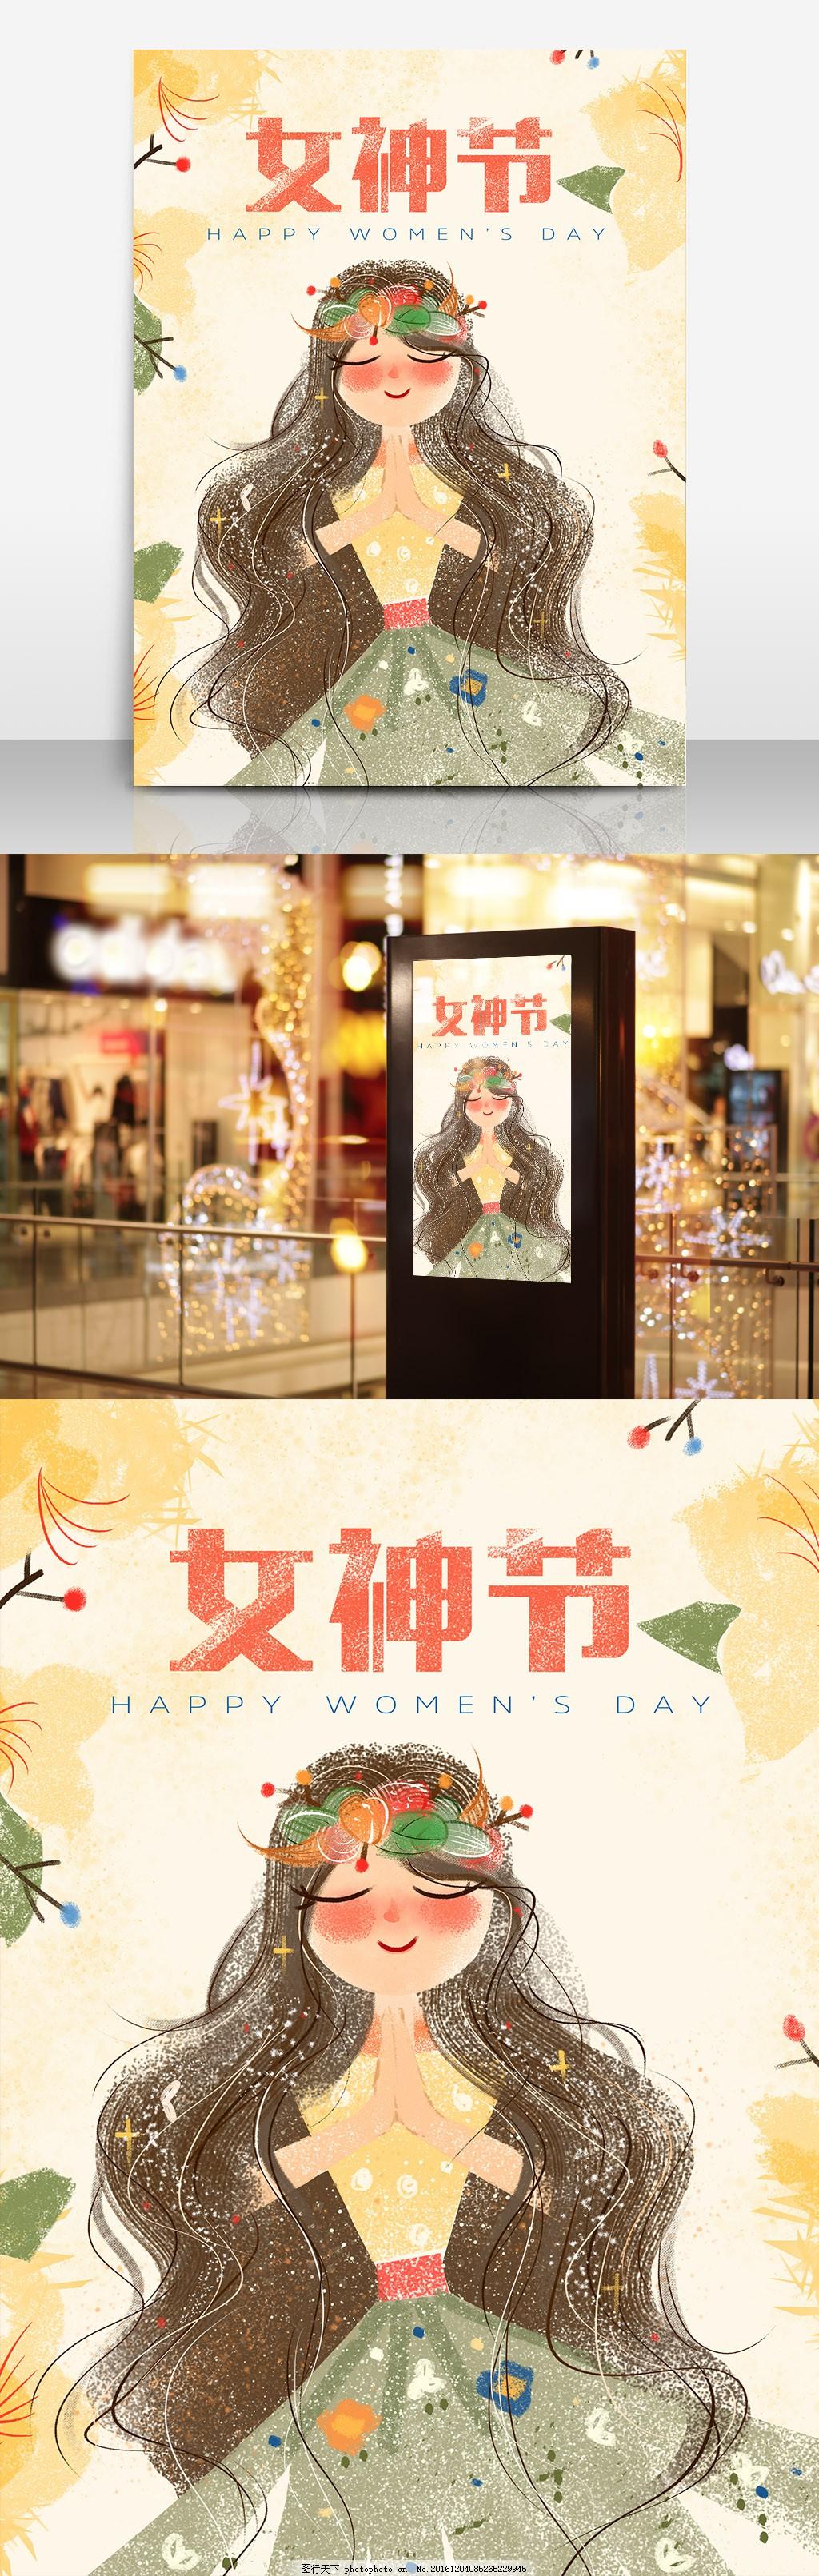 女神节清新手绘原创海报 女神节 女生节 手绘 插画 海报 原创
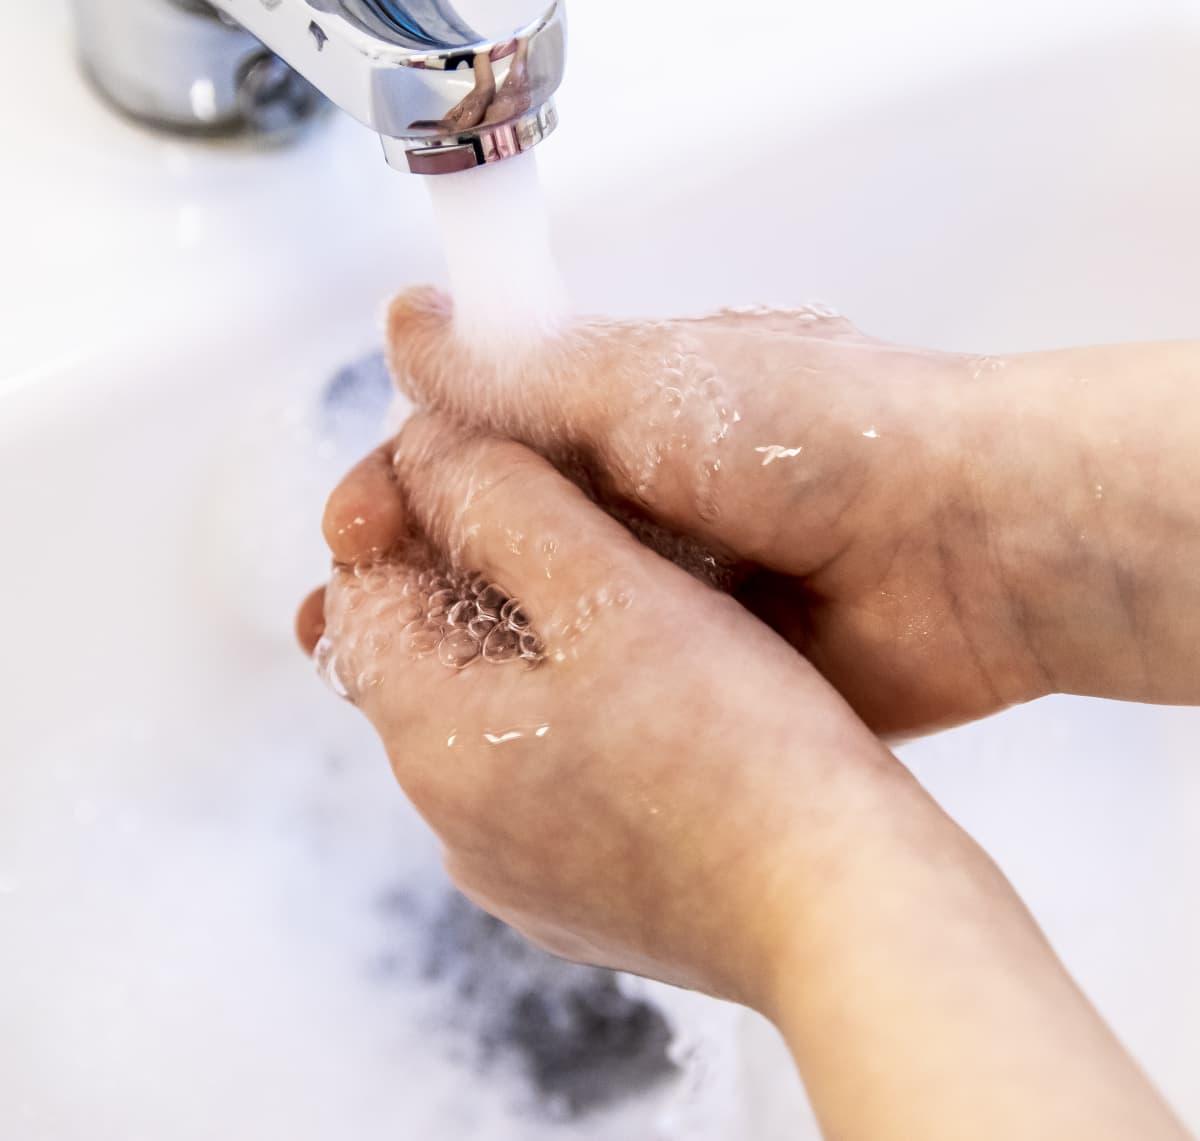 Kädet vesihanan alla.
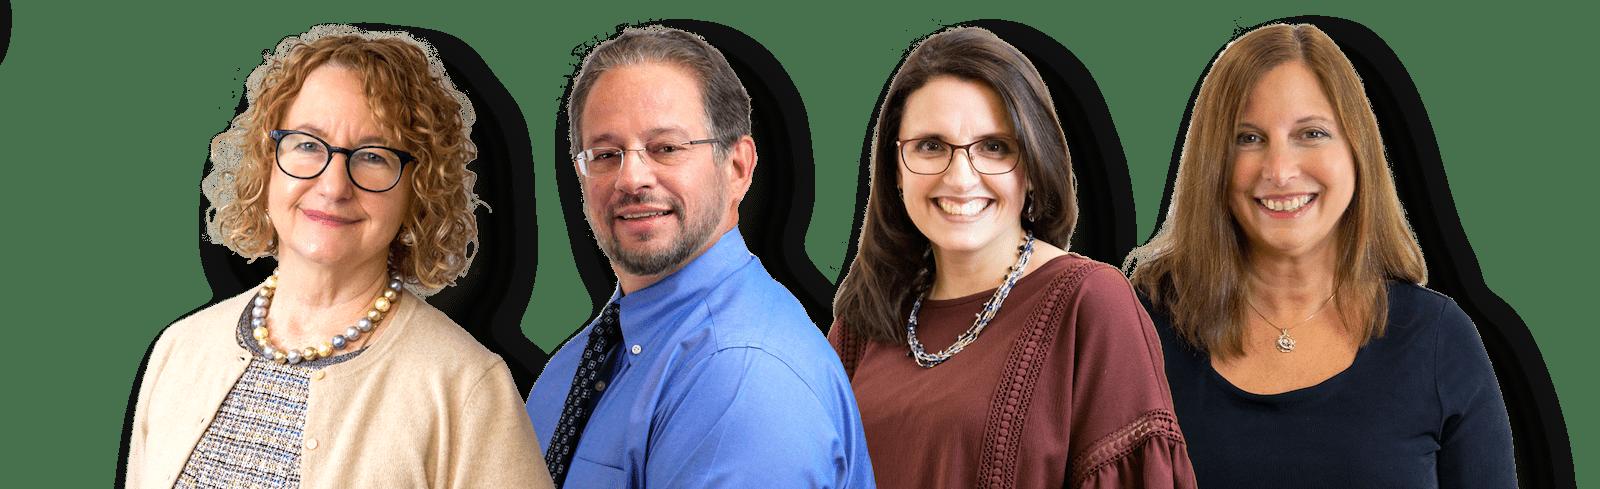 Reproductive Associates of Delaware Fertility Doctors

________________________

### TASK DETAILS
Every line from the one with "Kädet vesihanan alla." through the last line of the data must be copied exactly. Leave the pictures out.

### SOLUTION TO THIS EXERCISE
 Kädet vesihanan alla.
 Reproductive Associates of Delaware Fertility Doctors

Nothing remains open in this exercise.